**TASK**
In the listing below, find the line with "Sienna Smoke White Outdoor Coffee Table" and the line with "99 elegant farmhouse". Repeat those two lines and all lines between them exactly.

**ENTRIES PROVIDED**
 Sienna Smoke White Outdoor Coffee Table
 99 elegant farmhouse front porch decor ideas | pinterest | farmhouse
* * *
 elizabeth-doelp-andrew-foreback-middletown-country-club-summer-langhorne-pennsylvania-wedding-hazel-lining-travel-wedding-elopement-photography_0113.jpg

**TASK SOLUTION**
 Sienna Smoke White Outdoor Coffee Table
 99 elegant farmhouse front porch decor ideas | pinterest | farmhouse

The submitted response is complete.